Civ. 1ère 23 janvier 2001 – Appréciation du droit de créance par les juges dans l’indivision successorale du parent

FAITS : Une femme est décédée en laissant pour lui succéder son fils et sa fille.

Le fils a plus tard assigné sa sœur, afin de voir dire qu’il était créancier de l’indivision successorale d’une certaine somme au titre de l’aide et de l’assistance qu’il avait apportées à leur mère durant les dernières années de sa vie.

PROCÉDURE ET PRÉTENTIONS DES PARTIES : La Cour d’appel déboute le fils de sa demande. Il se pourvoit alors en cassation reprochant à la Cour d’appel d’avoir violé l’article 1371 du Code civil, en y ayant ajouté une condition qu’il ne comportait pas.

En l’espèce la cour d’appel avait subordonné la recevabilité de l’action à la constatation que l’aide et l’assistance fournies auraient excédé les facultés contributives du demandeur et entraîné pour lui de graves conséquences sur ses activités habituelles, ses ressources, et sa fortune.

Il reproche également aux juges du fond d’avoir limité la prise en compte de l’appauvrissement du demandeur aux sommes déboursées et justifiées et celle de l’enrichissement de la débitrice que celle-ci aurait thésaurisées.

PROBLÈME DE DROIT : Les juges du fond peuvent-ils rechercher si l’aide apporté par l’enfant a dépassé les exigences de la piété filiale afin d’apprécier le droit de créance dans l’indivision successorale du parent ?

SOLUTION : La Cour de cassation répond par l’affirmative et rejette le pourvoi formé en appel.
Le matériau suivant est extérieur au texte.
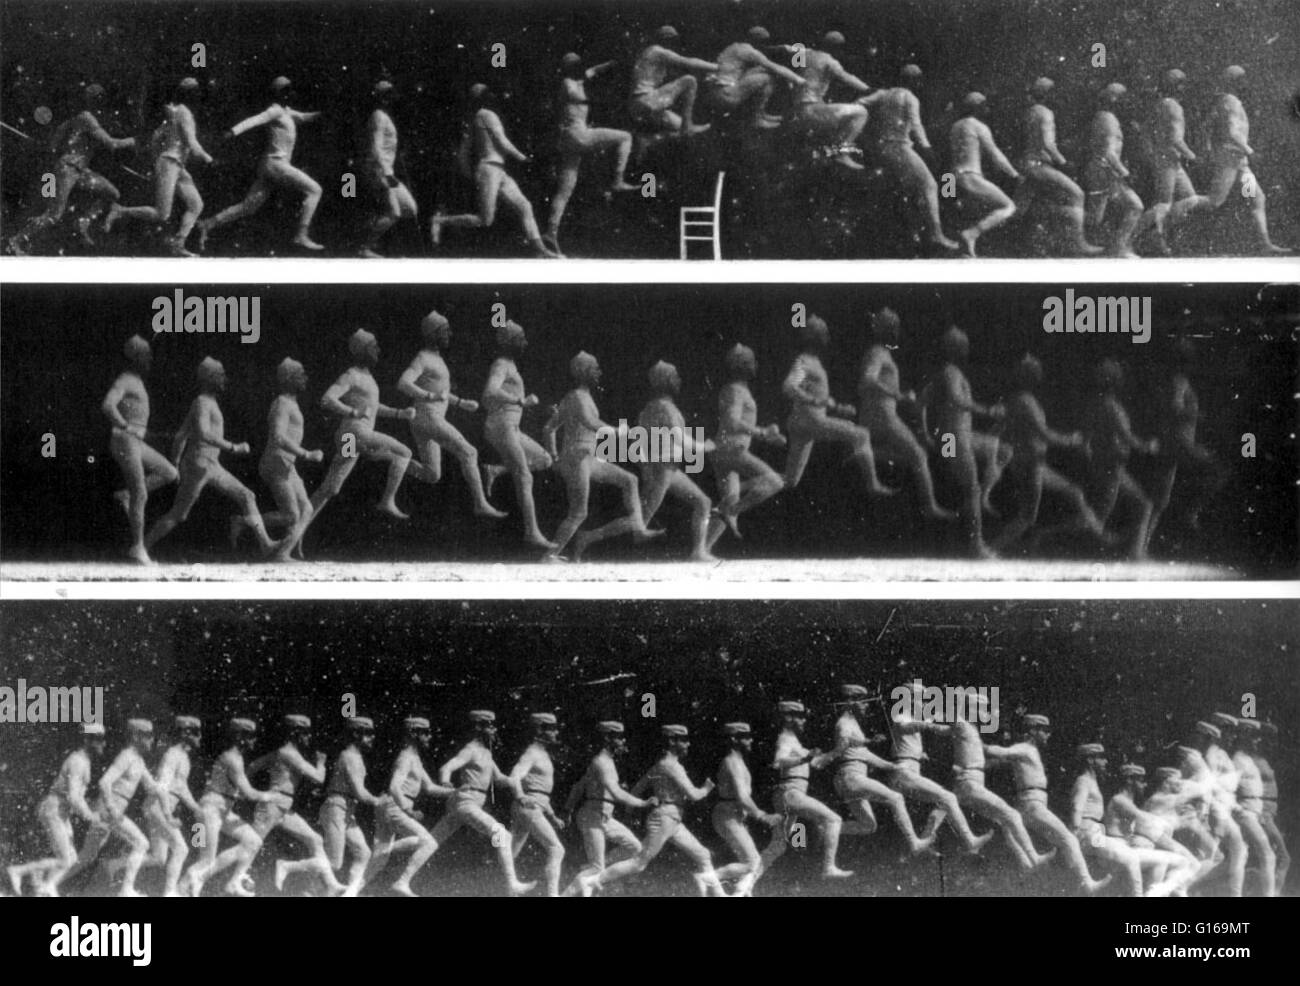 Étienne-Jules Marey (5. März 1830 - 21. Mai 1904) war ein französischer Wissenschaftler, Physiologe und Chronofotografen. Er begann durch das Studium der Blutzirkulation im menschlichen Körper. Dann verlagerte sich auf die Analyse von Herzschlag, Atmung, Muskeln (Myographie) und Bewegung des Körpers. Er wurde durch Bewegungen der Luft fasziniert und begann Vögel zu studieren. Er nahm und in einem separaten Feld der Chronophotographie animierte Fotografie in den 1880er Jahren weiterentwickelt. Seine revolutionäre Idee war, mehrere Phasen der Bewegung auf einer fotografischen Oberfläche aufnehmen. Im Jahre 1882 machte er seine Chronophotographic-Waffe. Diese instrum Stockfoto

Elle dispose que c’est à bon droit que la Cour d’appel a énoncé que le devoir moral d’un enfant envers ses parents n’excluait pas qu’il puisse obtenir indemnité pour l’aide et l’assistance apportés dans la mesure où les prestations fournies, ont réalisé à la fois un appauvrissement pour l’enfant et un enrichissement corrélatif des parents.

A juste titre, la Cour d’appel avait recherché si l’aide apportée avait dépassée ces exigences et a estimé que tel n’était pas le cas.

La Cour d’appel pour justifier que le fils ne justifiait d’aucun appauvrissement, avait relevé l’aide apportée à tous égards et n’a pas pris en compte les seules dépenses effectuées par celui-ci.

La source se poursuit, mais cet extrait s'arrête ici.